She straightened and turned to him with a cloth in her hands. A few locks of dark hair had come loose from the single braid that circled her head like a halo. Her lips were as flushed and red as her cheeks, and her eyes shone.
“Did you spend a lot of time fighting for the Bruce?”
“I fought for him since he came here in early 1307.”
At the mention of this, she completely changed. Gone was the sweet, relaxed lass. Her eyes sharpened, her mouth opened as though she wanted to absorb his every word.
“Robert the Bruce?” she said. “He was here in 1307?”
Angus frowned. “Aye. Dinna ye ken all that from yer cousin James Douglas?”
“James wasn’t with him yet, and you know it.”
He stood up and threw the cloth in the remaining puddle. “And why does that seem so important to ye?”
“I’m just curious,” she said. “I admire King Robert, and I wish I could meet him one day. I truly believe he’s good for Scotland, and I admire those who fought for him. Without him, without you and men like you, Scotland wouldn’t be independent.”
Something bloomed in Angus’s chest. She understood him. He fought not just for an ambitious nobleman, but for something bigger than himself, than Robert, and than even the King of England. He fought for Scotland and for freedom.
“So, he was here, right?” she pressed.
Angus’s throat suddenly went as dry as sand. The walls of the brewery pressed in on him, the vaulted ceiling like that of a tomb. He remembered Robert the Bruce right there, in that cold, bitter winter when everything seemed to be lost.
“Aye,” he said as memories took him. “He was.”

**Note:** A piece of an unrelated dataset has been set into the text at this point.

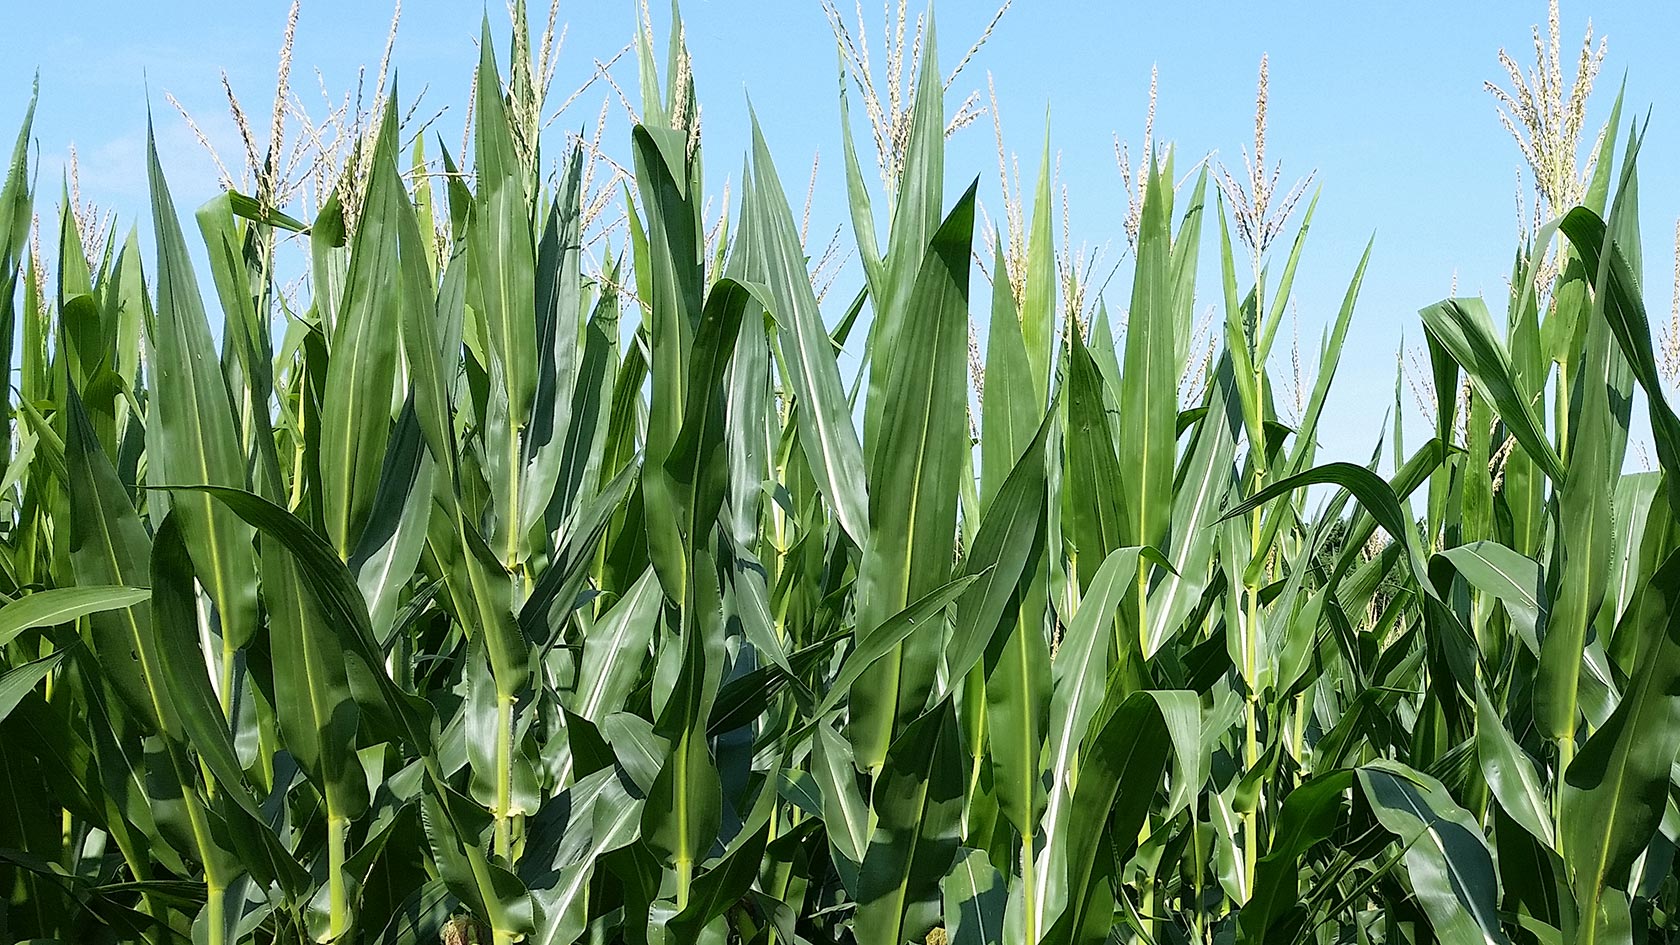 Photo of corn field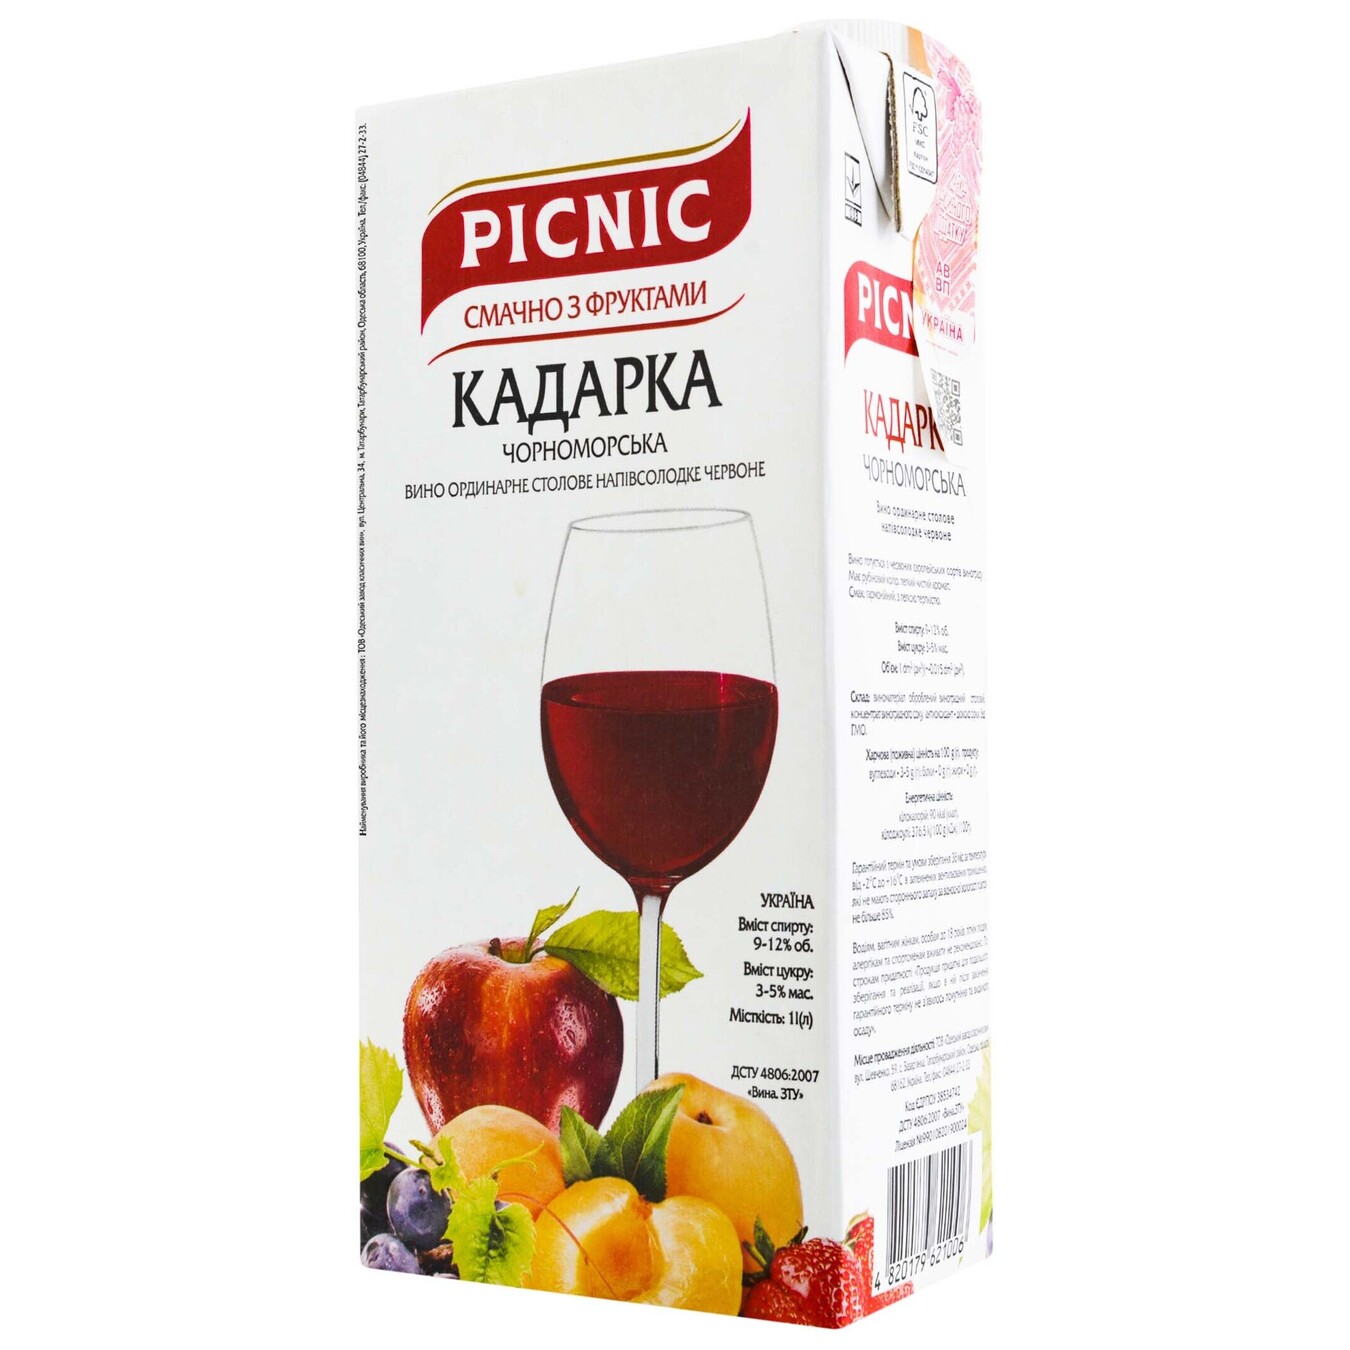 Picnic Kadarka chornomorska Wine red semi-sweet 12% 1l 2

Angus remembered how the king had arrived in a birlinn with barely enough sailors to man it. The loch wasn’t yet frozen. He’d come from the Isle of Skye and clan Ruaidhrí, which had given him shelter from the English troops that were still on his tail. He’d arrived with his mighty shoulders lowered and his eyes sunken and shadowed. His beard had been shaggy, his dark hair dirty and smelly, his leine croich almost torn to pieces. Angus remembered Bruce’s red face, weathered from months spent outside. He hadn’t looked like a king, merely a beggar too proud to ask for alms.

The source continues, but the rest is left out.